Little Red...I too attended the Mike Lew Institute on Thursday and yes it was incredable! There is nothing more powerful than when a survivor who has suffered many years of shame, guilt and isolation, realizes there are other men, many other men who have suffered this same fate as a child. Who has been dealing with the same after affects and is finally begining to deal with all the pain, confusion, shame and mistrust. Finally taking the time to heal.

I know because I too once felt this way. I attended the NOMSV conference two years ago in Vancouver and I know how empowering this experience was.

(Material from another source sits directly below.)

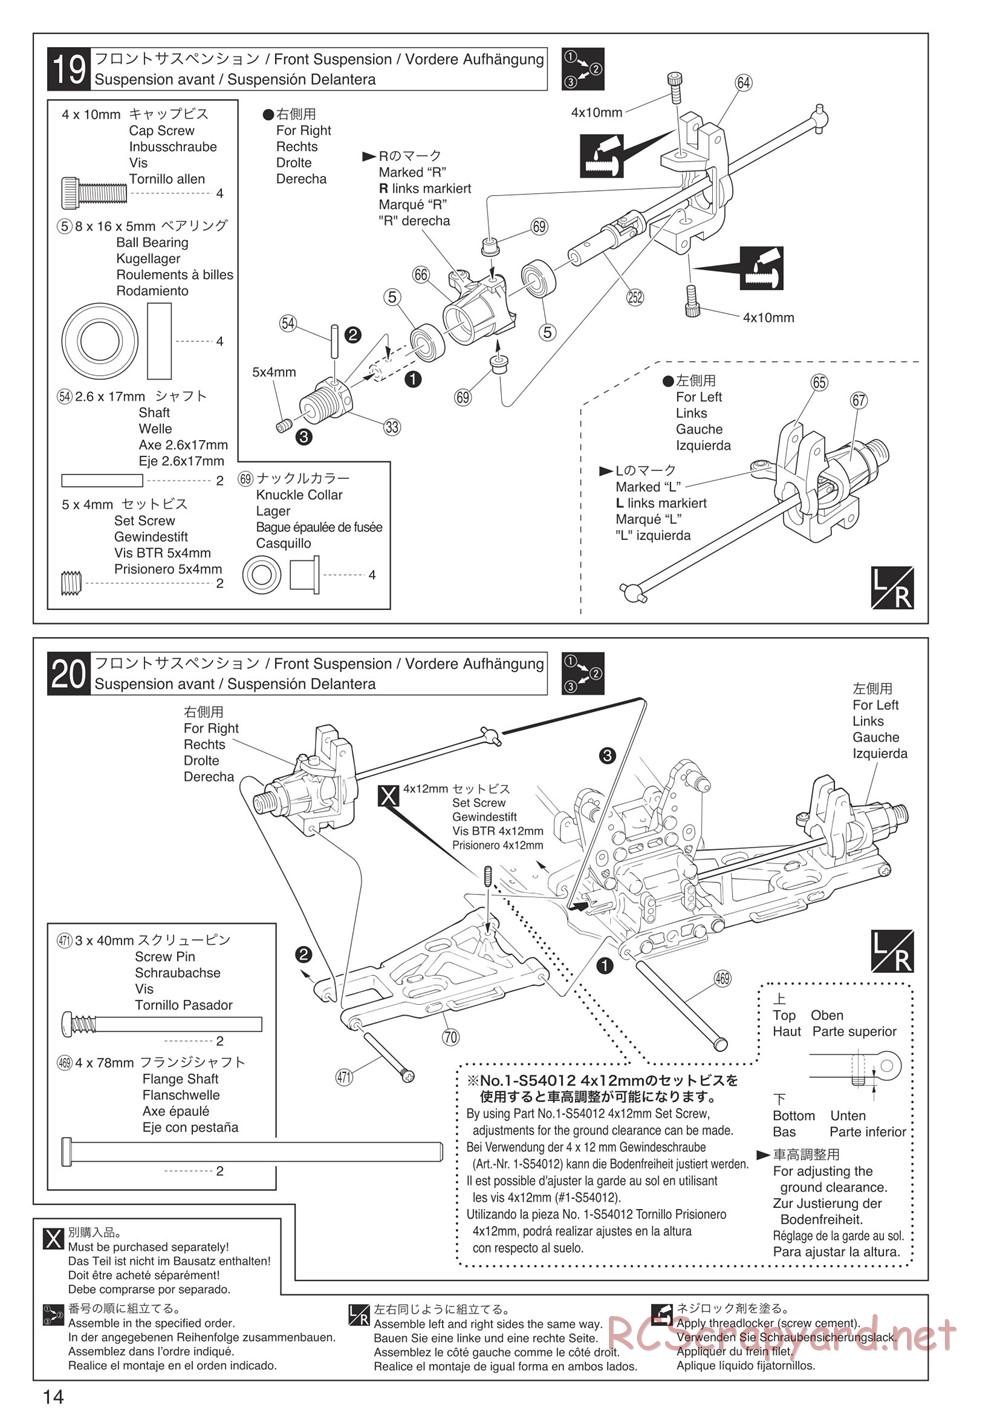 Kyosho - Inferno Neo 3.0 - Manual - Page 14

It was so very important to me that I wanted to help bring this conference to New York and became part of the committee which put this conference together.

In addition to Mike Lew's institute I also attended the workshop you spoke of. The FBI agent, Jim Clemente who told his own story of abuse, I also sat there and cried as it hit close to home. I too am a survivor, I was abused by a catholic priest for years. I was told later that afternoon about a man who attended this workshop and the fact that he revealed he had the same perpatrator. Was I moved to hear this! I later came to know it was you. I am glad that you found this conference so empowering and I also hope that you will continue to keep in touch with all of us who shared so much that day. All those who have begun to walk down this (often) painful path of healing and recovery....well I think...no I know these are couragous men! Thank you for being such an important part of this awesome conference.

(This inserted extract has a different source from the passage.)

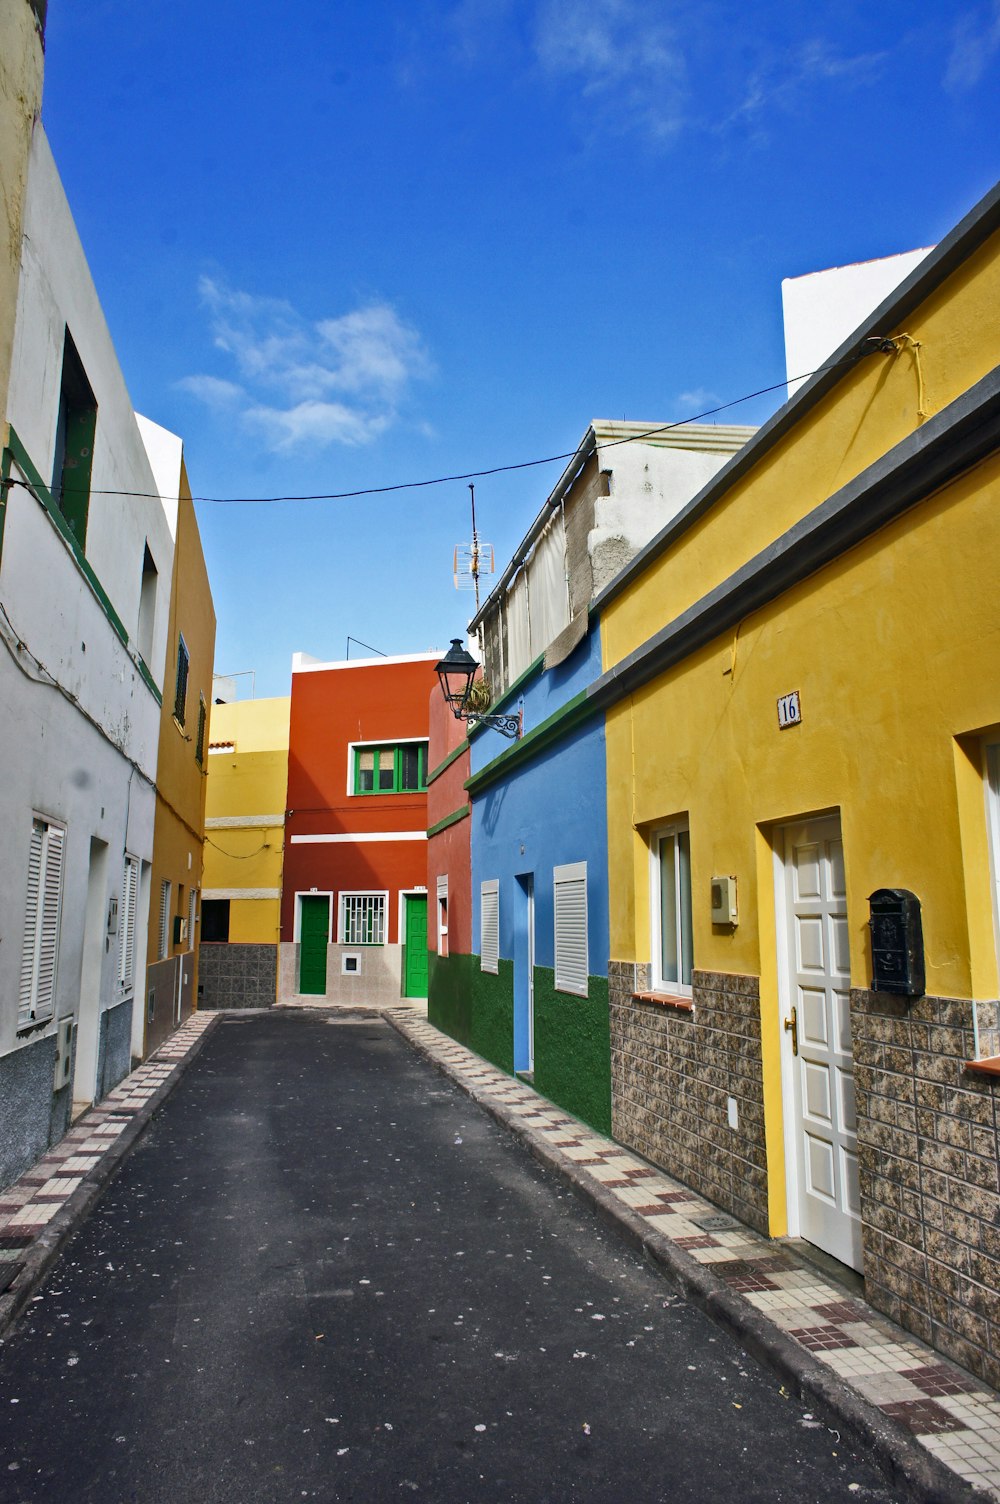 a narrow street with buildings painted in different colors

FYI....the 2003 conference may be held in Minneapolis...but this is not set in stone yet. Also, NOMSV is holding its 3rd survivor retreat this April about 30 minutes south of San Francisco. I met some individuals at the conference who attended the most recent retreat just outside of Chicago. They said it was a most powerful experience, and one where they felt totally safe. I am working on a site here in the New Jersey, New York area for later in the year....I know that some of the guys from Mike Lews institute said they were very interested in attending...perhaps you will join us...thank you for sharing your experience at the conference and I hope you will continue to visit here and post your thoughts often. There are many men who care and can relate...we need to walk this road together! Thanks again...Mark Crawford
 
What powerful statements!!!!

I went to Mike Lew's retreat in PA this July for the second year in a row. The feeling of being among brothers who have been through some of the same $%^$%$ stuff is just wonderful. I wish I could've gotten the time to go to NYC for the conference. The retreat in the spring is just 3 hours away so I'll probably go to that.

Take good care of yourselves, both of you.

Steve
 
I attended the retreat in Sept. It was excellent. I also attended the Mike Lew retreat in July, it too was excellent.
The best thing is connecting with other survivors.